▸ DATA TO USE:
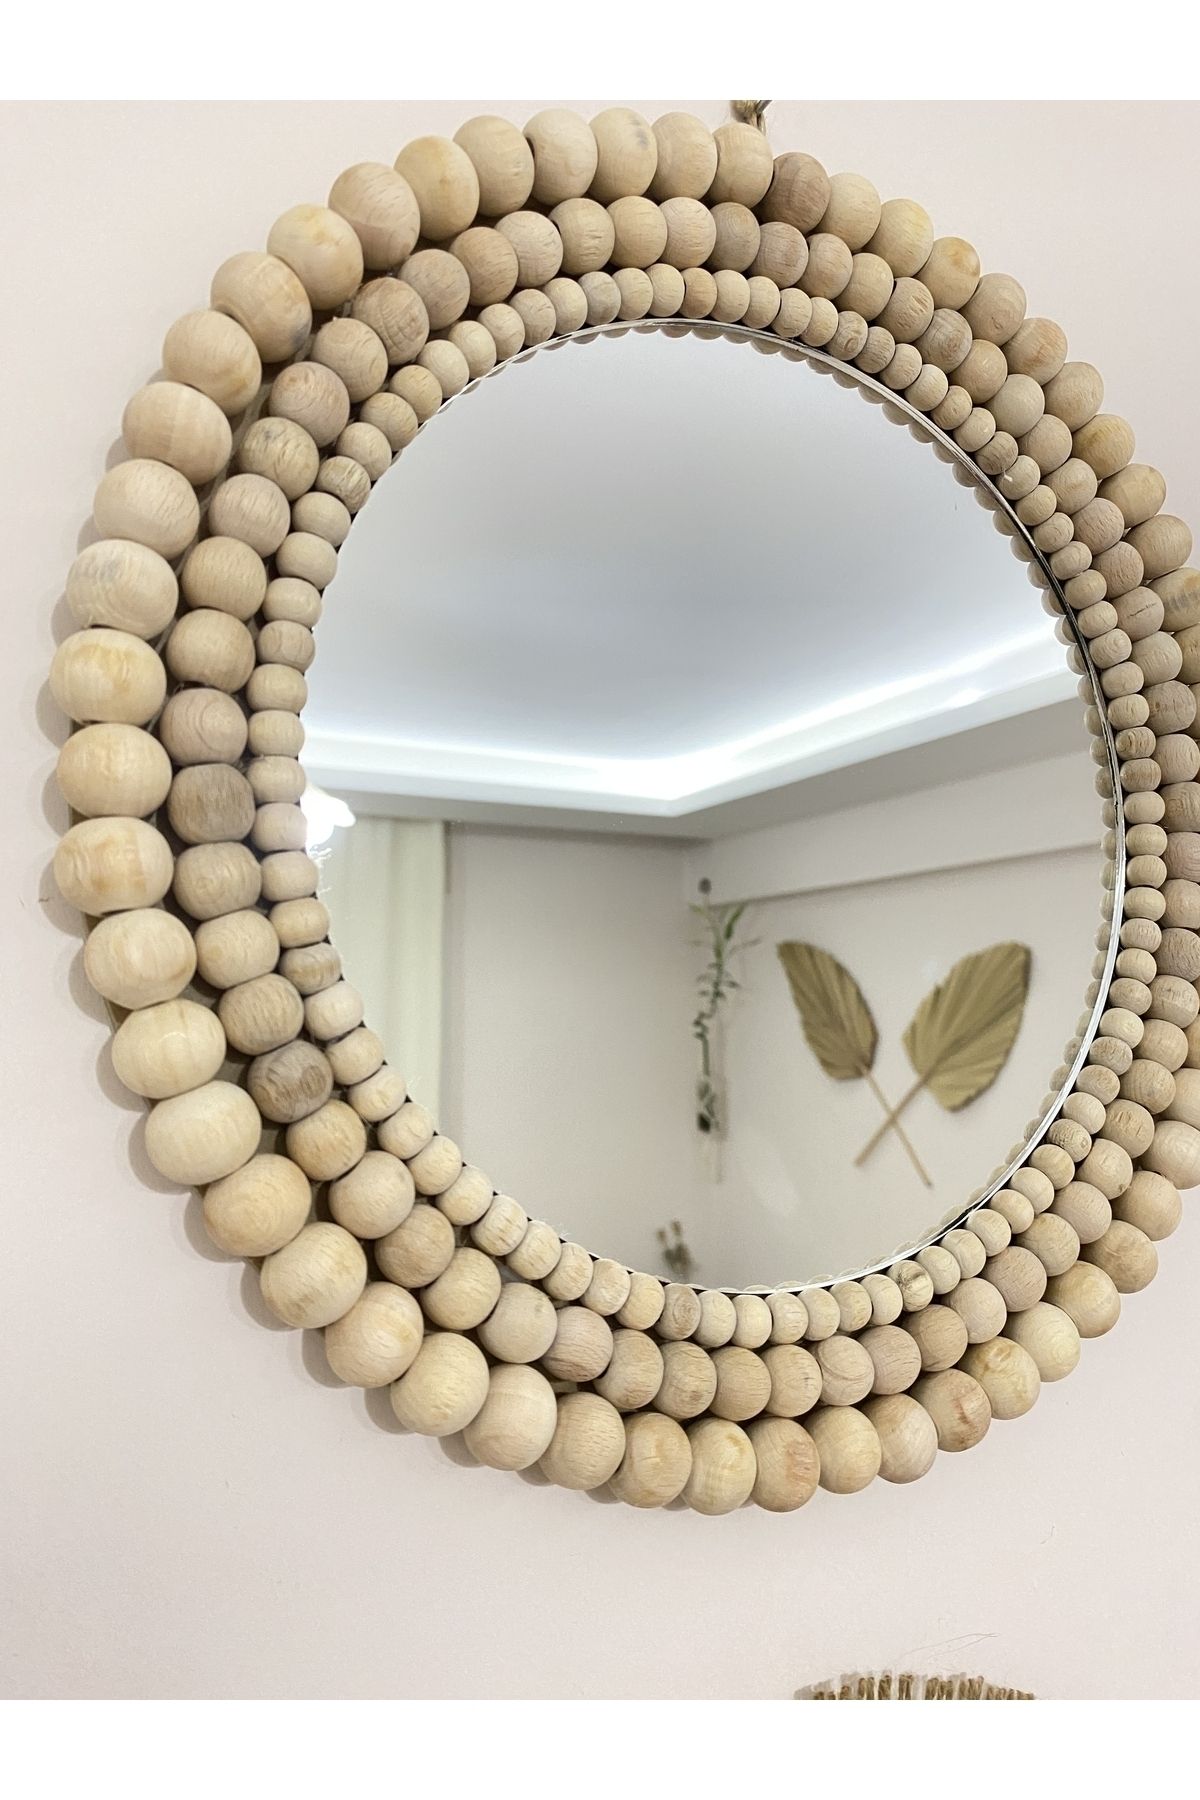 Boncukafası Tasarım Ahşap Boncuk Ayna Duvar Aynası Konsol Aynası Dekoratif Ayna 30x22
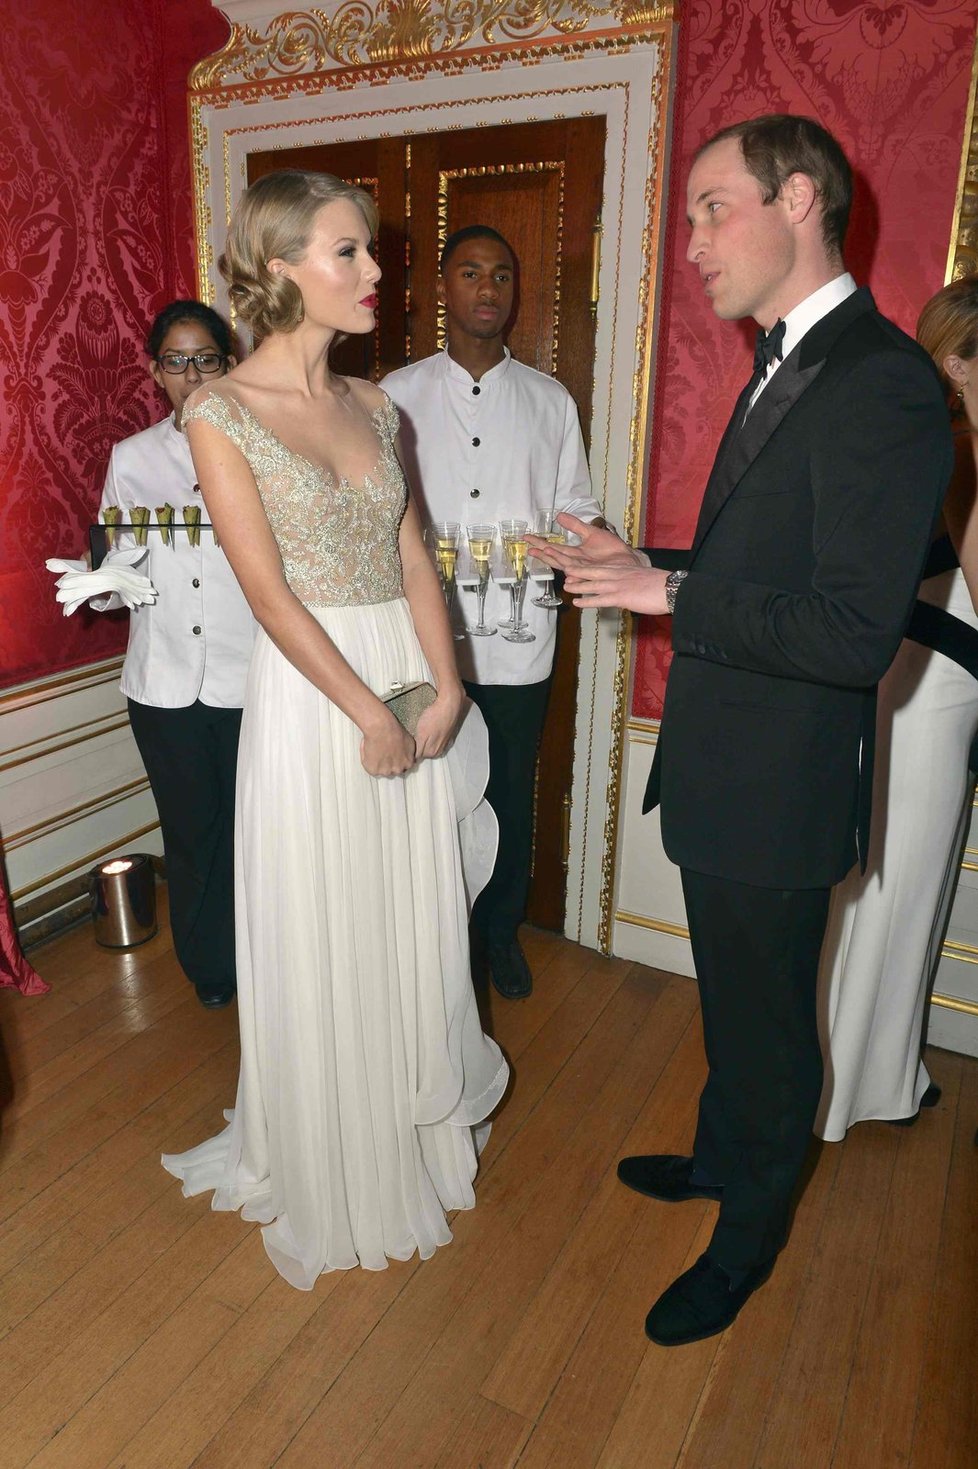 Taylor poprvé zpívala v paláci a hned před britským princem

* * *

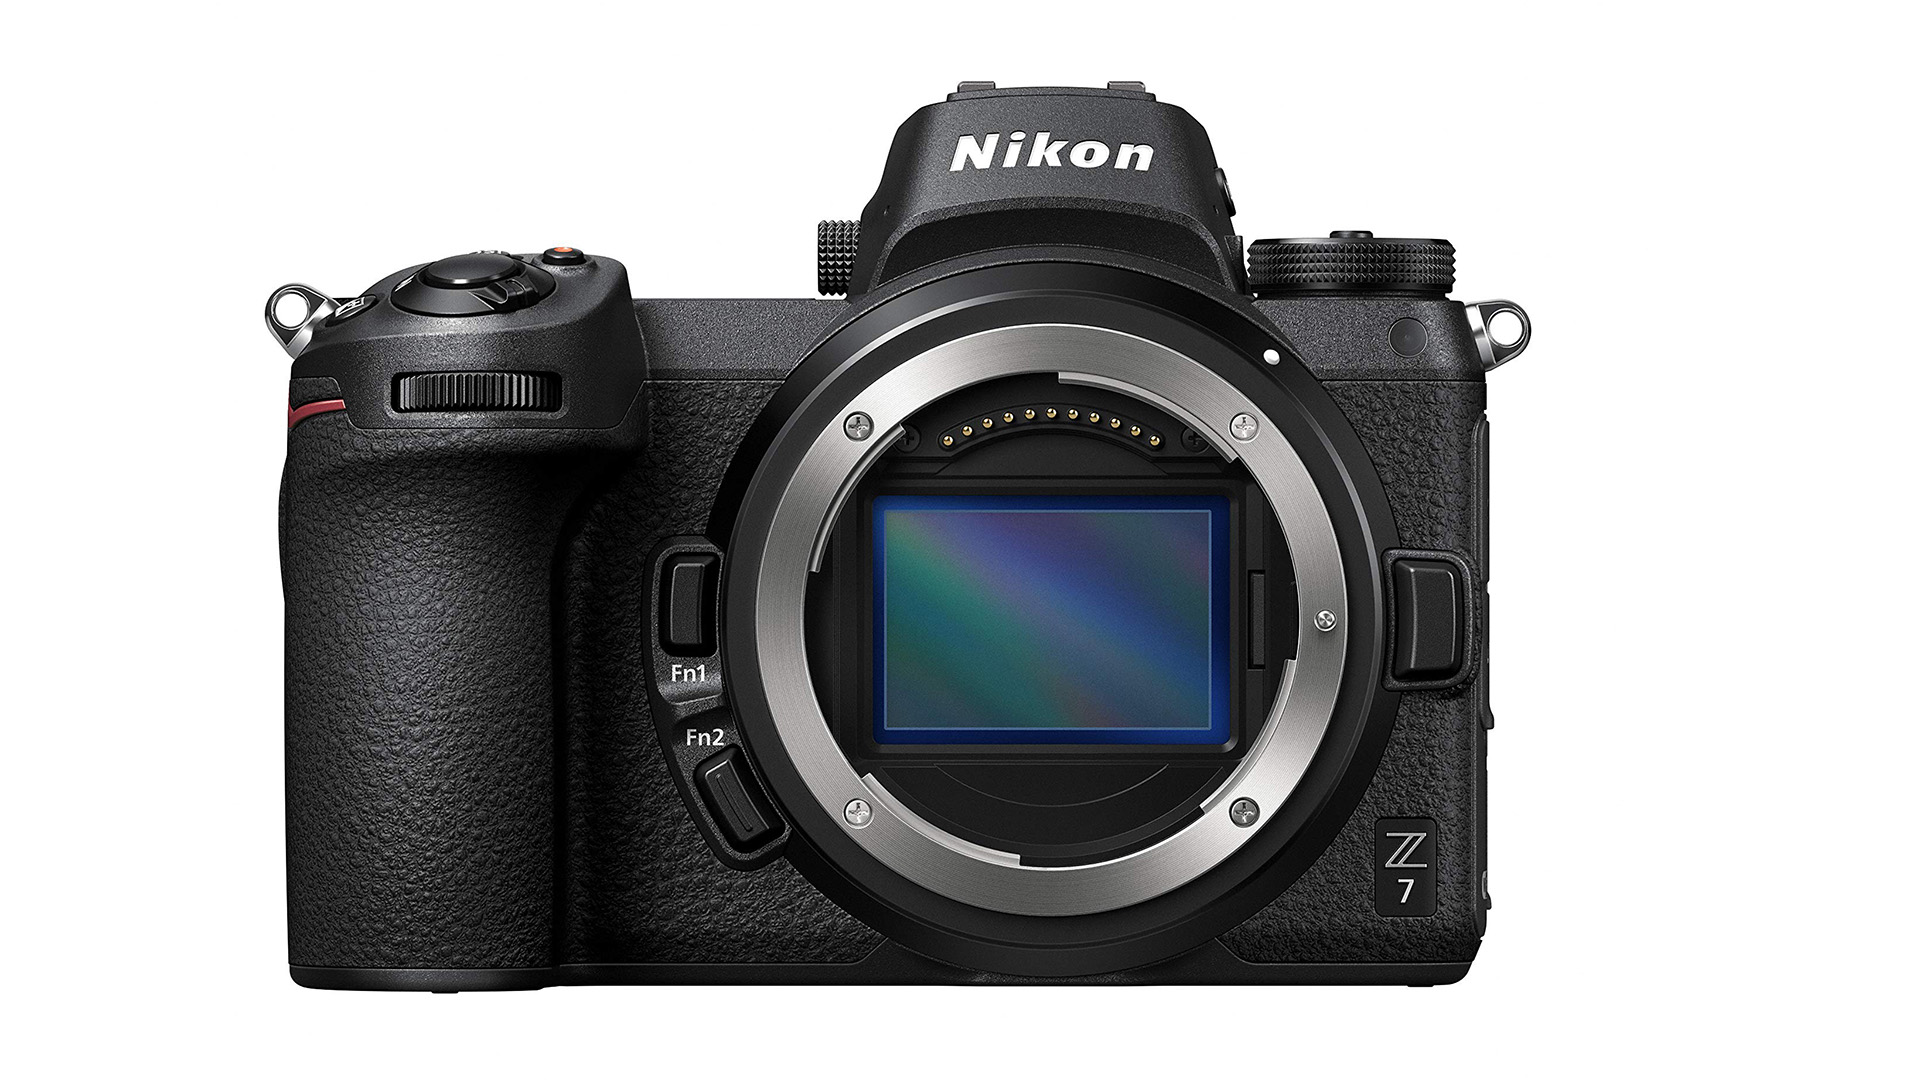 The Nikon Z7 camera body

▸ TASK STATEMENT: Using the data above, copy exactly the lines from the one containing "Boncukafası Tasarım Ahşap" to the one containing "Taylor poprvé zpívala", inclusive. Exclude the pictures.

▸ OUTPUT BELOW:
 Boncukafası Tasarım Ahşap Boncuk Ayna Duvar Aynası Konsol Aynası Dekoratif Ayna 30x22
 Taylor poprvé zpívala v paláci a hned před britským princem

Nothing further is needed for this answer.